Good Old Filesystems
Yahoo! Developer Darren Foreman attended a session run by Richard Jones from IRC Cloud in which we were all expecting a good old debate about the relative merits of the various NoSQL databases. This is what he had to say about the session (scalecamp2010):
NoSQL is a catch-all term used to describe databases such as Cassandra and MongoDB and, as expected at a scalability conference, talk of these permeated many of the sessions. These technologies differ from databases such as MySQL in that they offer a performant and scaleable way to host and serve data for which a full-blown relational model is not required — typically the classic "key/value pair" structure. However, a somewhat more surprising theme also came through: that of using raw files on disk as a data storage mechanism.
In particular this was championed in the session hosted by Richard Jones from IRC Cloud. Using a real world problem currently facing the development of his site's architecture, he kicked off a discussion about ways to store and retrieve large — potentially exponentially growing — amounts of data. The participants generally agreed if the characteristics of your data allow you to use a hierarchy of directories and files for storage and retrieval, then do so. There's life in the 'old technology' of filesystems yet!
I didn't attend this session by James Aylett, but after reading about it afterwards, I wished I had. He ran a session following up on his Scalecamp 2009 session where he got people to "act out" a TCP exchange. The purpose of this was to show the value of dramatization in the education of people about technology.

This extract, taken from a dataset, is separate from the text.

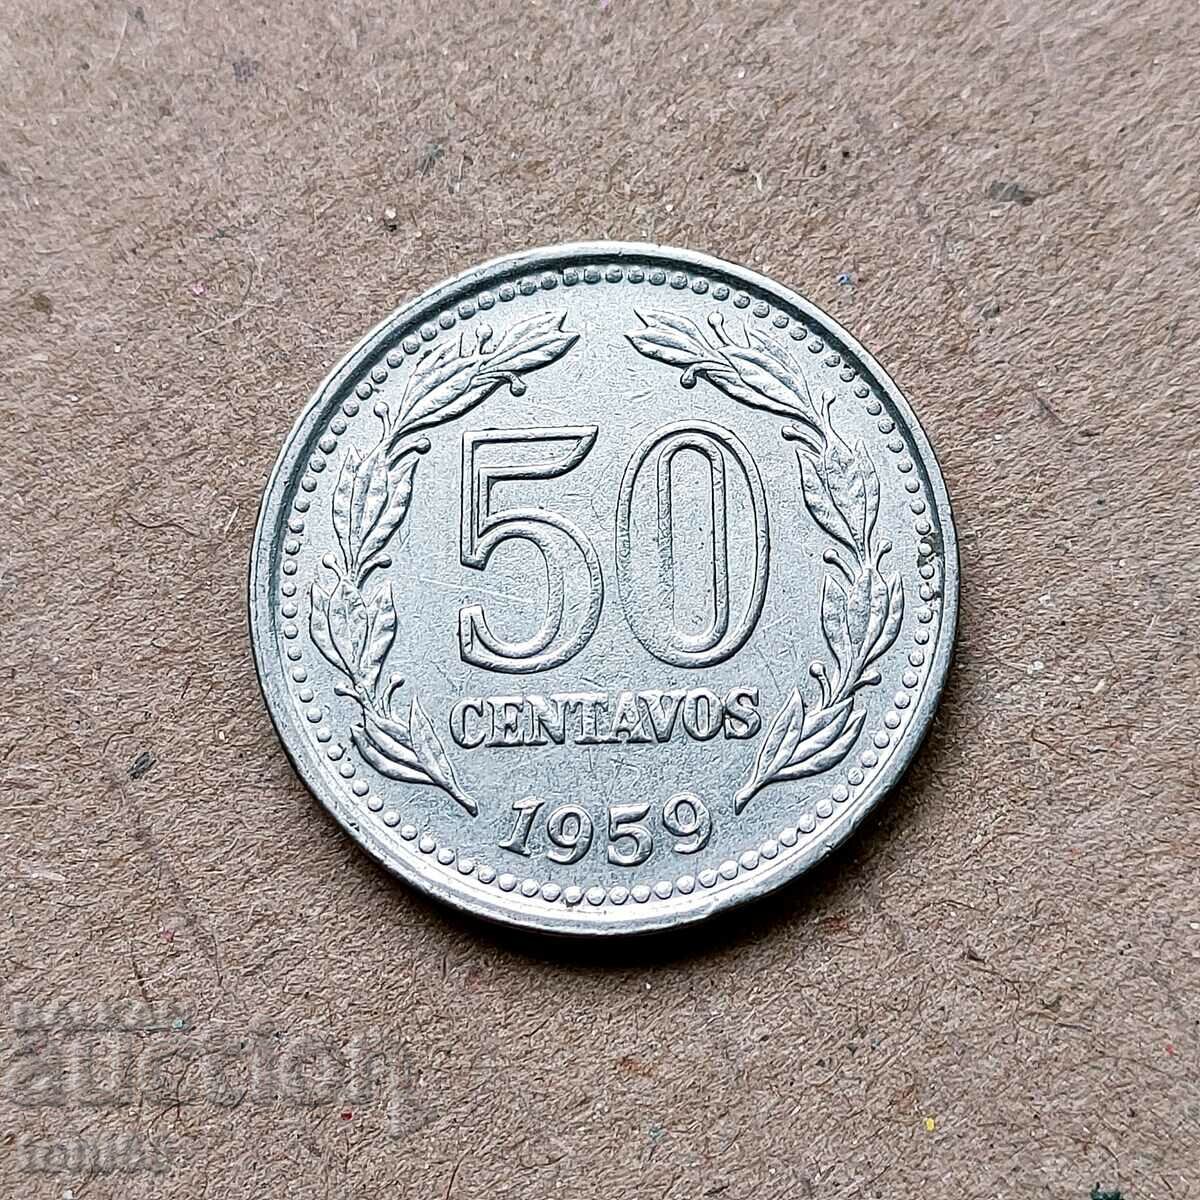 Аржентина 50 сентавос 1959

In this 2010 session, he spent the time coming up with a list of networking things that could be dramatized in this way, such as TCP handshake, ARP, and so on. This sounded like fun and could be useful to universities and schools as teaching material. He started a Google Group for people who want to get involved.
Scalability Test Suite
The final session that I attended was a discussion on what a scalability test suite would look like. As you would expect we started discussing the value of JMeter, and quickly ran into the fact that requesting the same page over and over again isn't the most representative measure of how an infrastructure can handle real traffic at high load. If you use caching in your application, you're really just testing the cache after the first request, and we already know how awesome Varnish is at serving cached items.
Michael Brunton-Spall then talked a bit about how the Guardian do this. They collect and re-run real access logs, say from a busy Friday, on a scaled down version of their infrastructure to measure for capacity and HTTP response patterns. A number of others in the room noted that they'd had some success with the Tsung open-source multi-protocol distributed load testing tool.
scalecamp-jsguyAll in all, Scalecamp was a very enjoyable day with some very smart people. I love the "camp" format, as it gives opportunities for new talent in the industry to be recognized and affords a conversational and inclusive style of session that conventional conferences don't. I'm looking forward to Scalecamp 2011, and hope that Yahoo! will continue to play a part in it.
Editor's Note We would be remiss not to credit economist E. F. Schumacher's Small Is Beautiful: Economics As If People Mattered for our play on his book title.